Source: Internet
Author: User

Label:

The original: A daily walkthrough of the classic Algorithm--the 11th bitmap algorithmIn all the performance-optimized data structures, I think the most used is the hash table, yes, there is a fixed-position lookup with O (1) constant time, how concise and graceful,

But on a specific occasion:

①: Sorts 1 billion non-repeating integers.

②: Find the number that repeats in 1 billion digits.

Of course, I only have a normal server, even if 2G of memory, in this scenario, how can we better select data structures and algorithms?

One: Problem analysis

These days, Daniel wrote the sorting algorithm is just a few, first we calculate how much to put in memory G: (1 billion * +)/(1024*1024*1024*8) =3.6g, poor

2G of memory directly exploded, so all kinds of God horse data structure can not play up, of course, the use of external sorting is still possible to solve the problem, because to go IO so temporarily removed, because we

To play high-performance, hopeless after we think we can do some bits on the hands and feet?

For example, I want to sort {1,5,7,2} These four byte-type numbers, what should I do? We know that byte is a 8 bit bit, we can actually use the value in the array as the bit bit

Key,value use "0,1" to identify if the key has occurred? Look at the following picture:

As we can see, our array values are already a key in byte, and finally I just have to traverse the corresponding bit bit to be 1, so it's natural to be an ordered array.

Someone might say, "What if I add a 13?" Very simple, a byte can hold 8 number, then I only need two byte to solve the problem.

It can be seen that I have a linear array into a bit bit of the two-dimensional matrix, the final space we need is simply: 3.6g/32=0.1g, note that the bitmap sort does not

is n, but depends on the maximum value in the array to be sorted, and the actual application is not very related, for example, I open 10 threads to read a byte array, then the complexity is: O (MAX/10).

Two: Code

I think we all know the idea of bitmap, this time let us witness the charm of the binary system, of course, these shifts are bit computing work, familiar with you to play.

1:clear method (place all bit positions of the array 0)

For example, the current 4 corresponds to the bit position 0, only 1 left to move 4-bit reverse and b[0] & can be.

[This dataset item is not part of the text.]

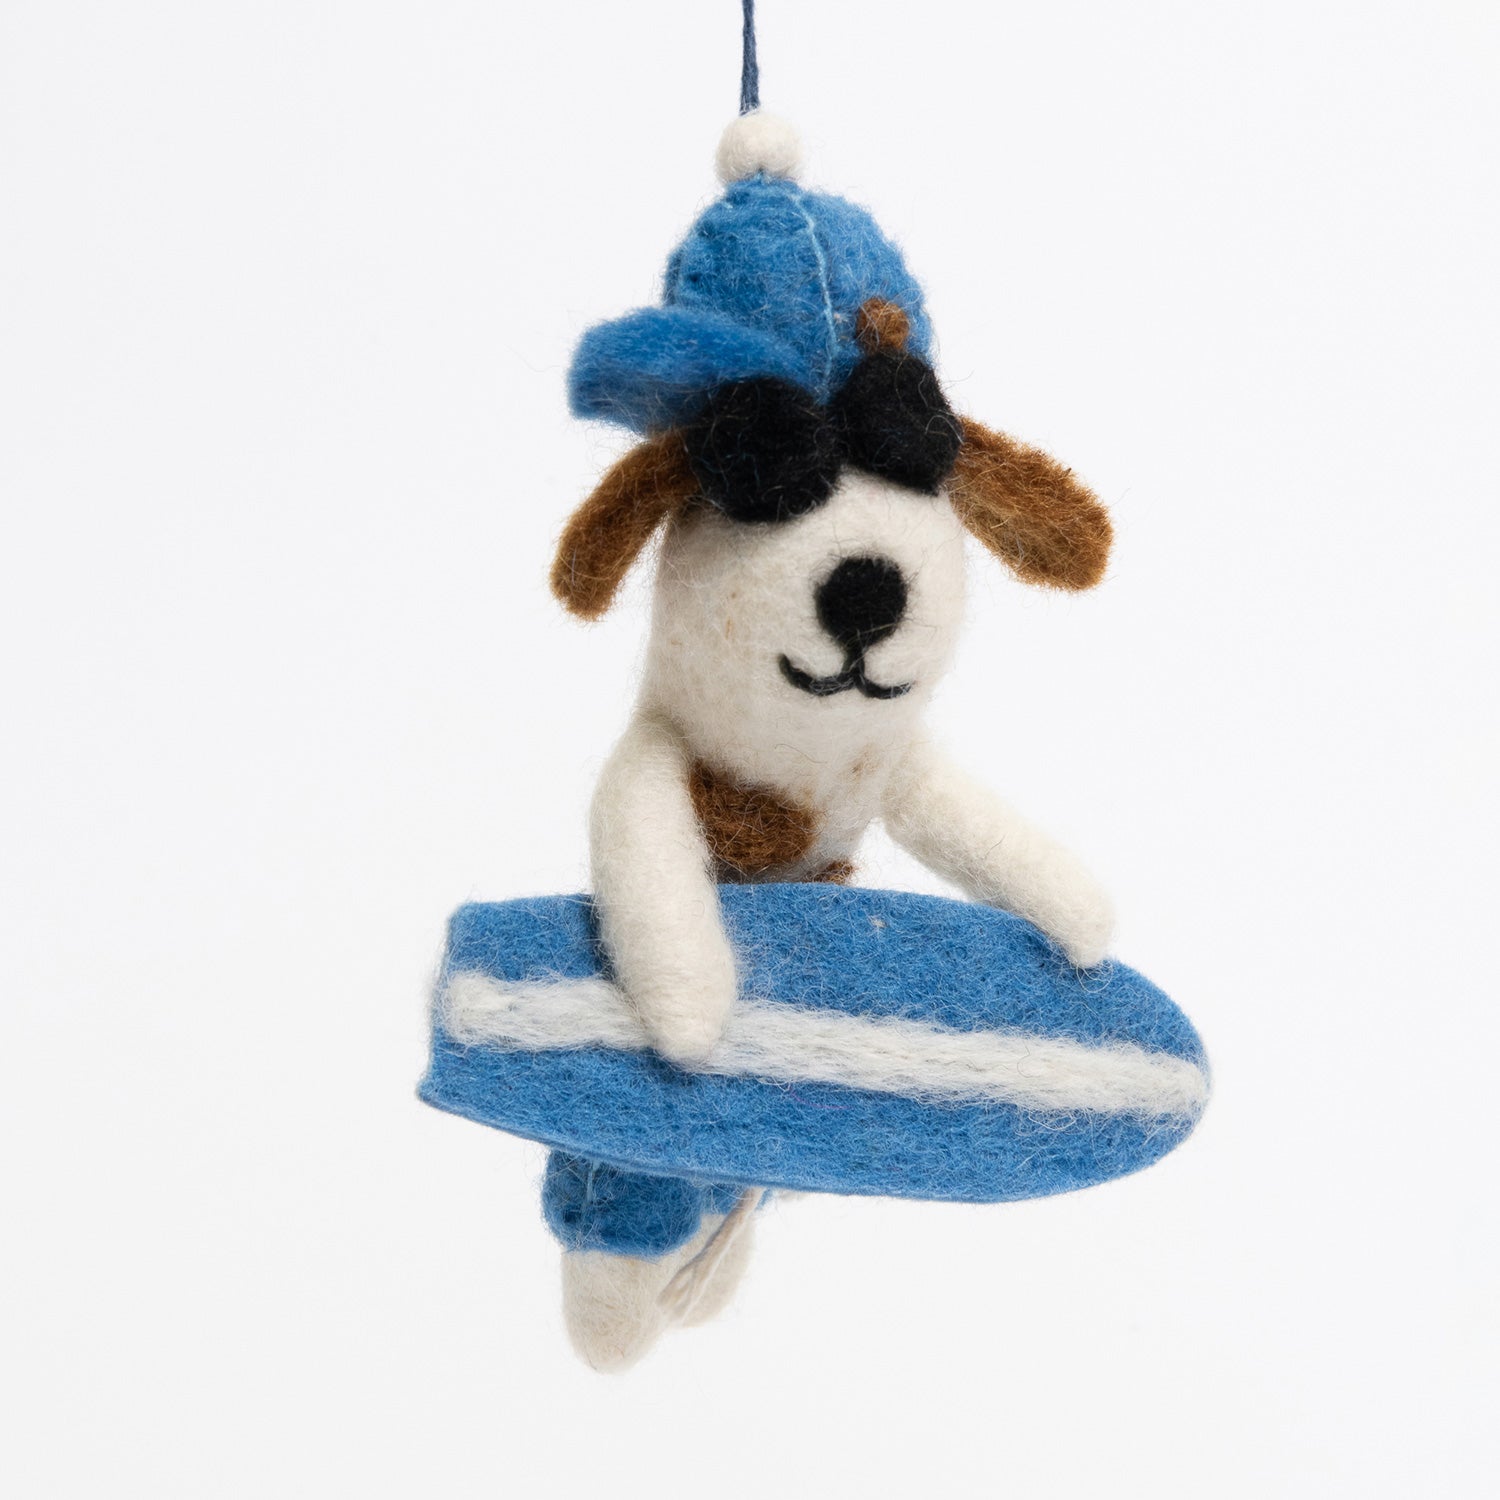 A surfer dog felt decoration pictured on a white background. The dog is white and brown, is wearing a blue hat and blue shorts, black sunglasses, and holding a blue and white surfboard. 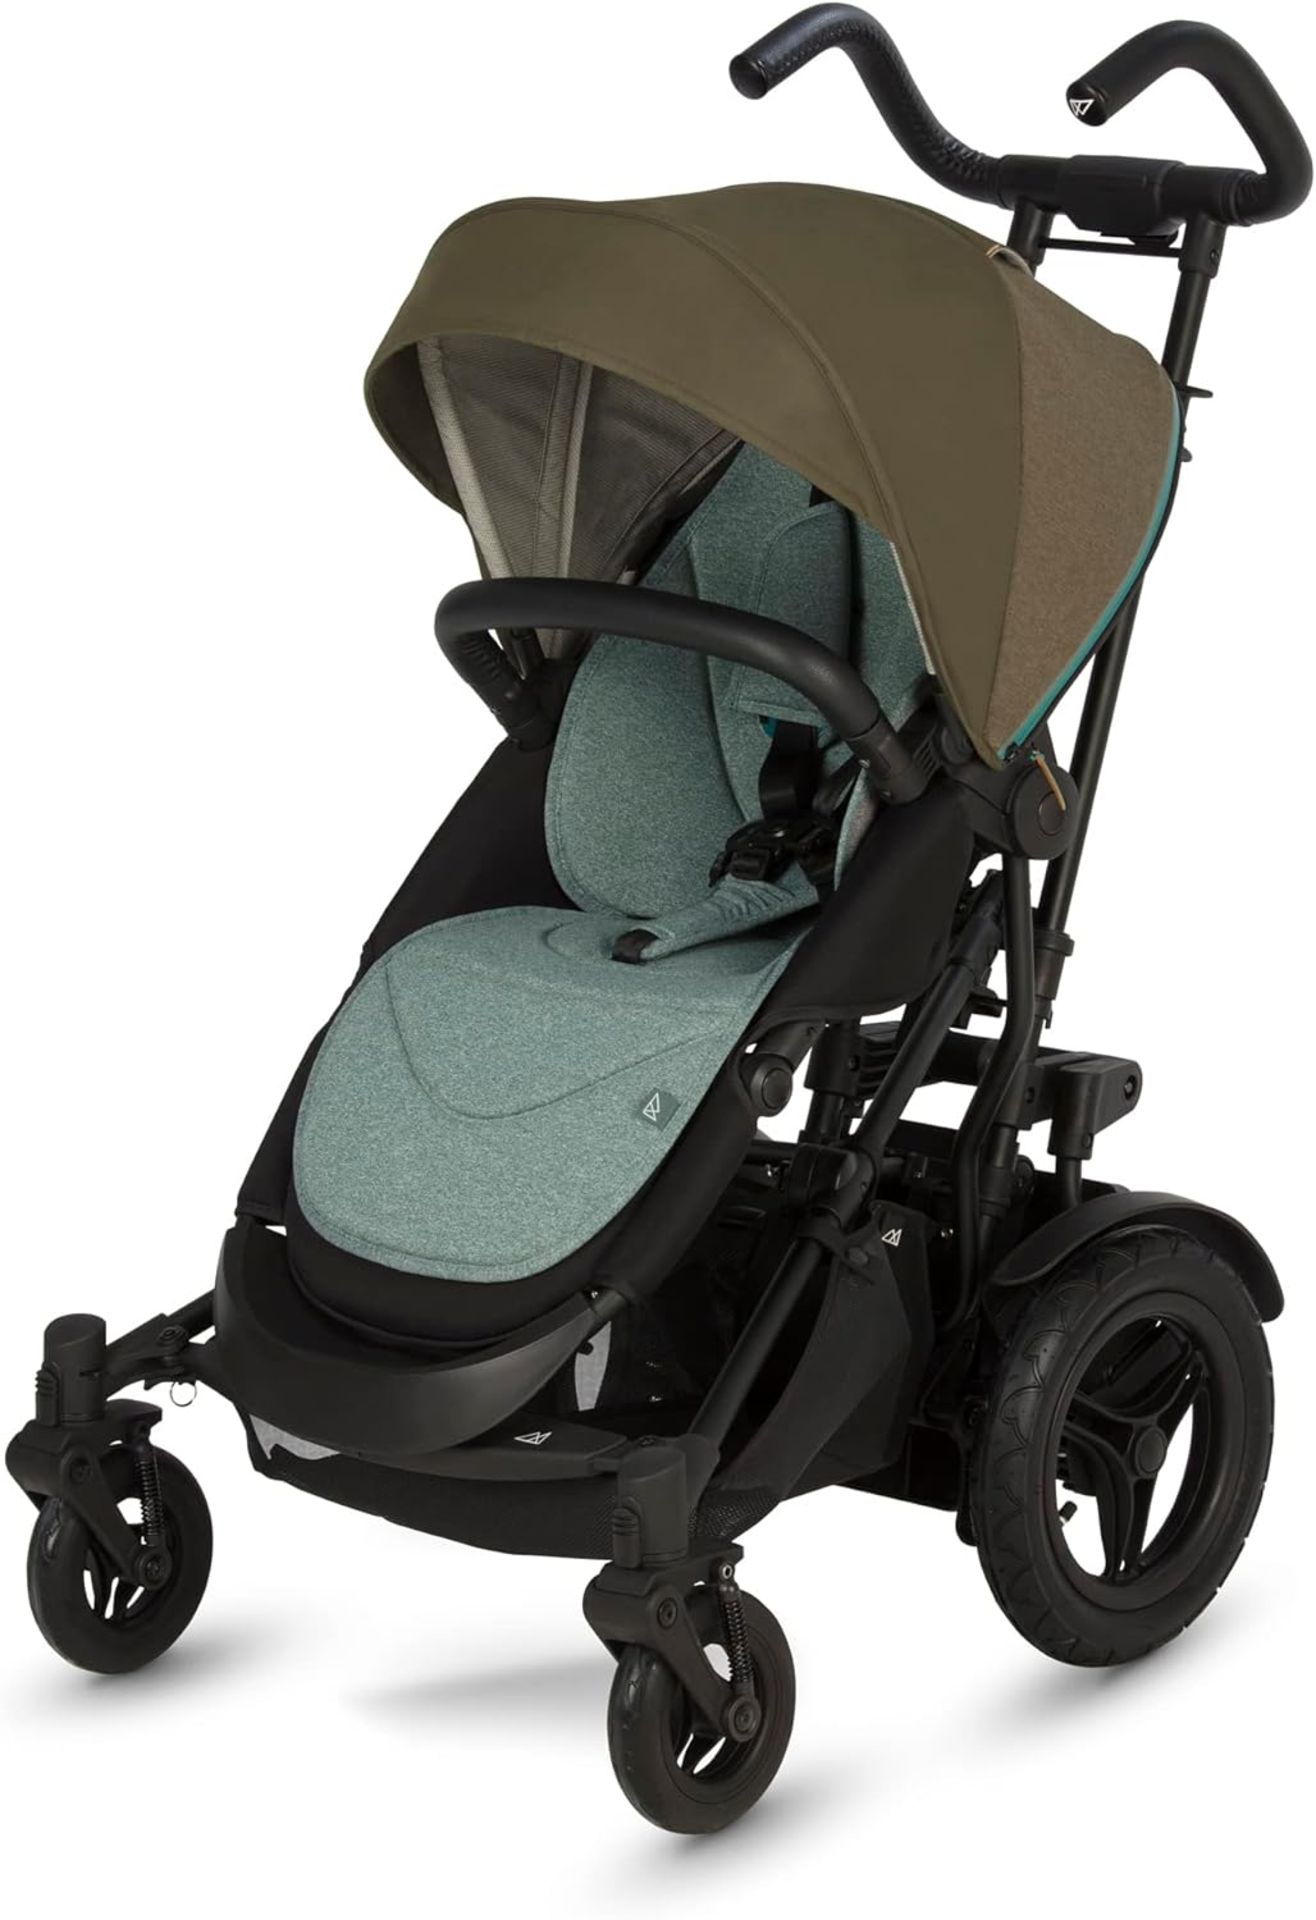 BRAND NEW MICRALITE TWO FOLD EVERGREEN FOLDING BABY PUSHCHAIR R19-5

1 #region The bit bit used for initialization is 0 2//<summary> 3/// the bit bit used for initialization is 0 4// </summary> 5 //< param name= "I" ></param> 6 static void Clear (Byte i) 7 {8 //= function equivalent to i%8 9 var shift = i & 0x0 7;10 //compute should put the subscript of the array of var arrindex = i >> 3;13 //will be the current byte in the specified bit 0,& after the other array bit bit must be unchanged, this is 1 The magical use of the var bitpos = ~ (1 << shift); + //Set the specified bit position in the array one "& Operation" A[arrindex] &= (byte) (Bitpos); }20 #endregion

2:add method (bit 1 operation)

Also very simple, to the current 4 corresponding bit position 1, only 1 left to move 4 bit and b[0] | Can.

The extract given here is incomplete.